Ich gebe Ihnen Recht, es gibt sicherlich Berufsgruppen oder besondere Projekte, bei denen eine Betreuung, individuell, über 24 Stunden abrufbar, schön wäre. Doch glaube ich, alternative Lösungen wie beispielsweise Betriebskindergärten, zumindest in größeren Unternehmen auch ein Mittel um besonders qualifizierte Mitarbeiter und Mitarbeiterinnen zu binden oder anzulocken, sind, um die von Ihnen geschilderten Problematiken zu lösen der bessere Weg. Ja, es gibt definitiv Berufsgruppen deren Arbeitszeiten familienunfreundlich sind, doch daraus einen grundsätzlichen Anspruch auf eine 24Std. Kinderbetreuung abzuleiten halte ich für falsch. Dies kann nicht die Aufgabe der Kommunen sein.
Kommunen haben derzeit schon kaum eine Planbarkeit in ihren Betreuungsangeboten. Eine Planung der vorzuhaltenden Kindertagesstättenplätze ist, beispielsweise durch das Wahlrecht der Eltern zwischen Kindertagesstätte und Pflegemutter, nicht, oder nur unzureichend gegeben. Wie sollen Kommunen jetzt noch zusätzlich eine, etwaig benötigte, individuell bereitzustellende, 24Std. Kinderbetreuung vorhalten können?

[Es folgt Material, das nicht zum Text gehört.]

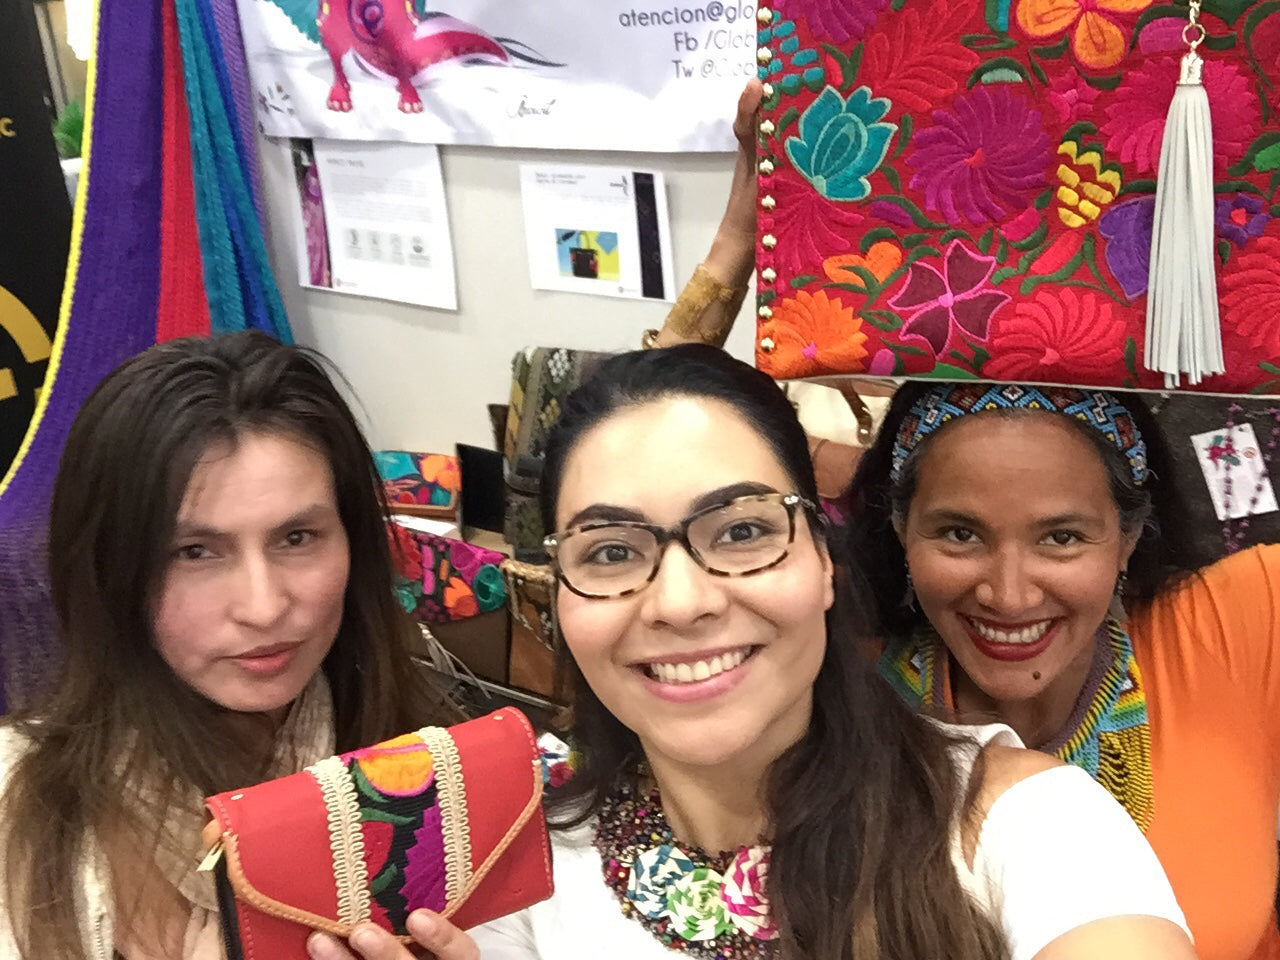 Bolsa de lujo, piel genuina y bordado artesanal maya

Zwei Kinder von 18 bis 24 Uhr, ein weiteres von 22 bis 4? Wie soll sich ein Kind auf solche Zeiten einstellen können? Außer, dass die Kinder in dieser Zeit schlafen wird man doch sicherlich nicht ernsthaft eine andere Betätigung in Erwägung ziehen können.
Ich habe nichts gegen Kitas – aber die von einigen gewünschte neue Norm der ständigen Verfügbarkeit und der Unterordnung führt dazu, dass sich Kita-Mütter nur noch als Wirtschaftsfaktoren begreifen. „Wenn Kinder nur dazu da sein sollen, morgens in die Kita gebracht und abends abgeholt zu werden, DAS kann es nicht sein! Es ist auch ungerecht den Kindern gegenüber, sie haben sich ja nicht von allein in die Welt gesetzt.”
Hallo Herr Funken,
nein, nicht jede KiTa soll 24-Stunden geöffnet haben. Diesen Anspruch habe ich nicht abgeleitet. Ich verwehre mich allerdings dagegen, die Eltern, denen es entgegenkäme, ein solches Angebot nutzen zu können, als mainstream-unterherhechelnde, dem schnöden Mammon verfallene Gruppe darzustellen, deren Hauptanliegen es ist, zigmal im Jahr auf die Malediven zu fliegen. Warum kann nicht eine KiTa ein solches Angebot im Programm haben, vielleicht auch “nur” ergänzend?
Sie meinen, Betriebs-KiTas könnten eine Lösung sein. Da sind wir sogar einer Meinung.
Ein (mittelständischer) Arbeitgeber, der sportliche Arbeitszeiten fordert, sagt allerdings das gleiche wie Sie, nämlich, dass das nicht seine Aufgabe sei. Er sei doch schon so belastet, weil seine Leute überhaupt Kinder haben. Seitens der Verwaltung wird bei den Beiträgen für Betreuung ebenfalls die familiäre Wirtschaftskraft zugrunde gelegt.
Wer betrachtet hier also wen als Wirtschaftsfaktor, hm?
Ganz davon ab, kann ich an den Berufen im Einzelhandel, in der Pflege oder in Projektarbeit nichts “unnormales” entdecken – abgesehen davon, dass es keine 9 to 5-Jobs sind. Die Gehälter sind in jedem Fall eher durchschnittlich *lach*
Sehr geehrte/r Unbekannte/r
Das Bundesministerium für Familie, Senioren, Frauen und Jugend hat das Modellprogramm „KitaPlus“ ins Leben gerufen. Dieses, über 3 Jahre laufende Programm richtet sich genau auf die von Ihnen angesprochene Problematik. Es bleibt abzuwarten welchen Bedarf dieses Programm aufzeigt und in welchem Ausmaß es genutzt wird.
Im Zuge des Programms soll es gelingen, alleinerziehende Frauen und Männer sowie Schichtarbeitende einschließlich der Arbeitssuchenden/Arbeitslosen, deren Tätigkeitsfeld insbesondere mit einem Schichtdienst verbunden wäre, auf Grund der Bereitstellung passender Betreuungsstrukturen und persönlicher Unterstützung die Möglichkeit zur Arbeitsaufnahme zu geben bzw. die Arbeitskraft dem Arbeitsmarkt zu erhalten. Auch junge Familien, in denen Mütter und Väter durch Ausbildung und Studium zeitlich gebunden sind, können von diesem Programm profitieren.